Exploratory Data Analysis on Airbnb Properties in London
In this post, i am going to try to answer that Where should I buy new property for investment in London? This is my first project at Istanbul Data Science Academy about Exploratory Data Analysis (EDA).
At the beginning of my project, I would like to explain What is Exploratory Data Analysis(EDA)?
What is Exploratory Data Analysis
“Exploratory Data Analysis is a detective work. EDA can never be the whole story, but nothing else can serve as the foundation stone — as the first step ” –John W. Tukey, 1970
Exploratory Data Analysis is a crucial step for all data science projects. In real world problems, data never ever used directly to your data science projects. Collecting datasets, cleaning, organising and wrangling data is critical process to develop your model. In this project, I spent nearly %80 of my time about collecting, cleaning, organising and wrangling data at my project.
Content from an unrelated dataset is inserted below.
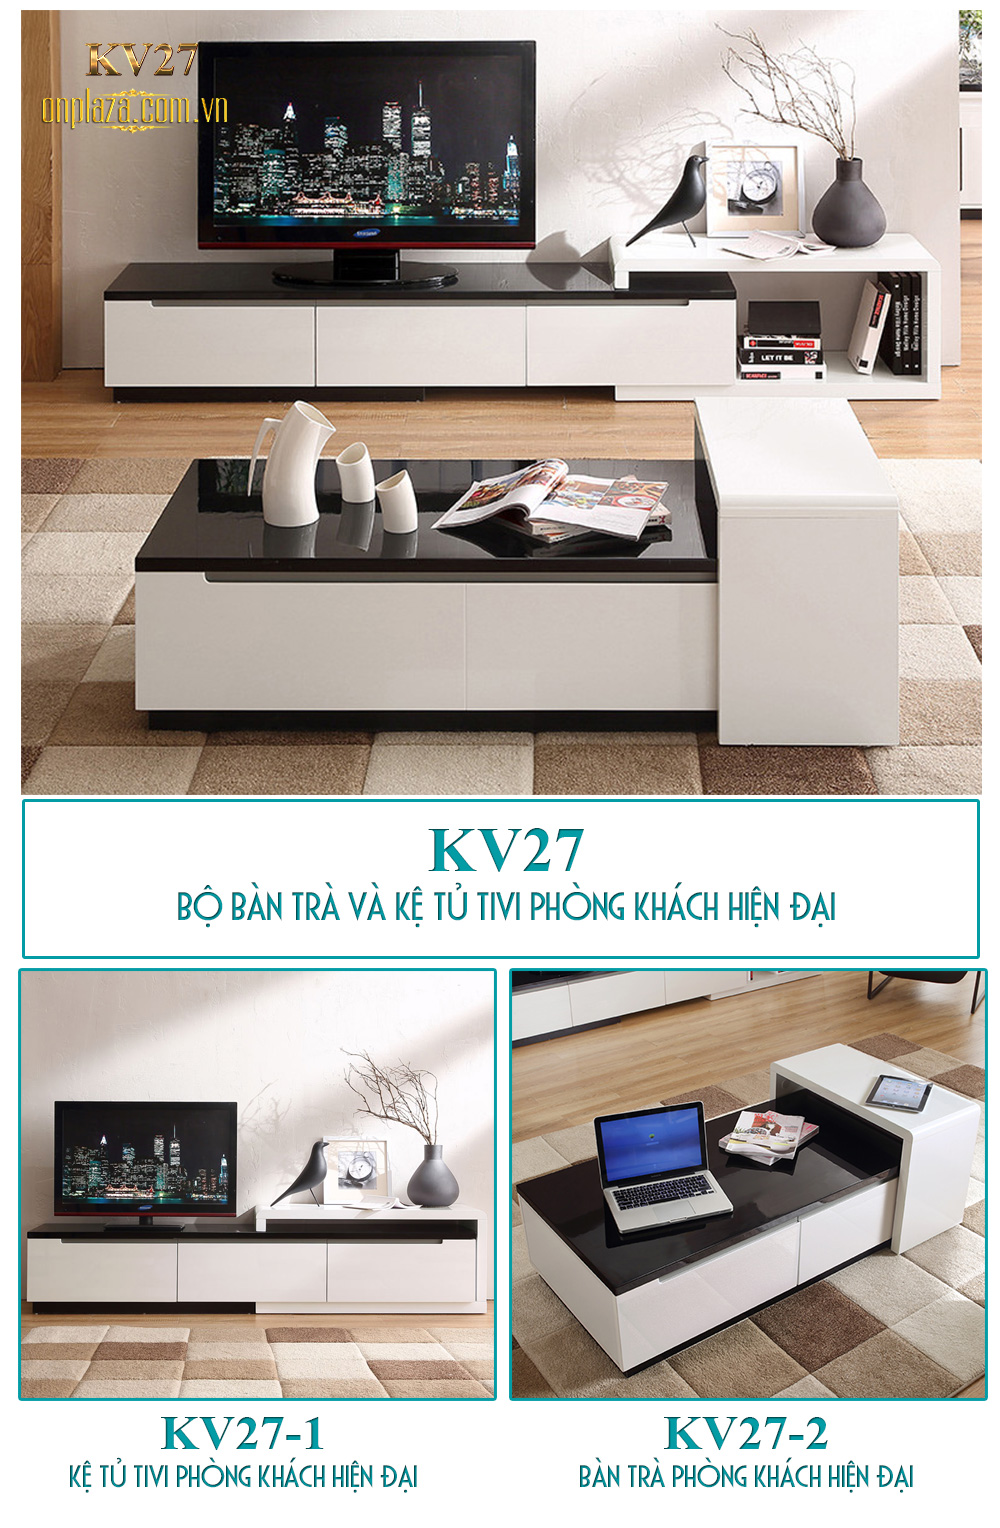 Bộ bàn trà và kệ tủ tivi phòng khách hiện đại nhập khẩu cao cấp KV27

Exploratory Data Analysis helps you that,
- understanding the structure of data ,
- handling missing values and outliers,
- recognising relationship beetween variables,
Briefly, Exploratory Data Analysis tell us almost everything about data.
Introduction to Project
Every data science project starts with a problem / question. In my project, my business need scenario is:
Finding best location to buy a new property that will be hosted on Airbnb for investment. Constraints regarding this need are as follows:
Total Budget : £750.000
Preferred Location: Inner London
My solution is : Using Airbnb London data, House Prices Index (House Price, Sales Volume, Yearly Increment) data, Council Tax data, GIS Boundary data and analyse to find best location for buying new property.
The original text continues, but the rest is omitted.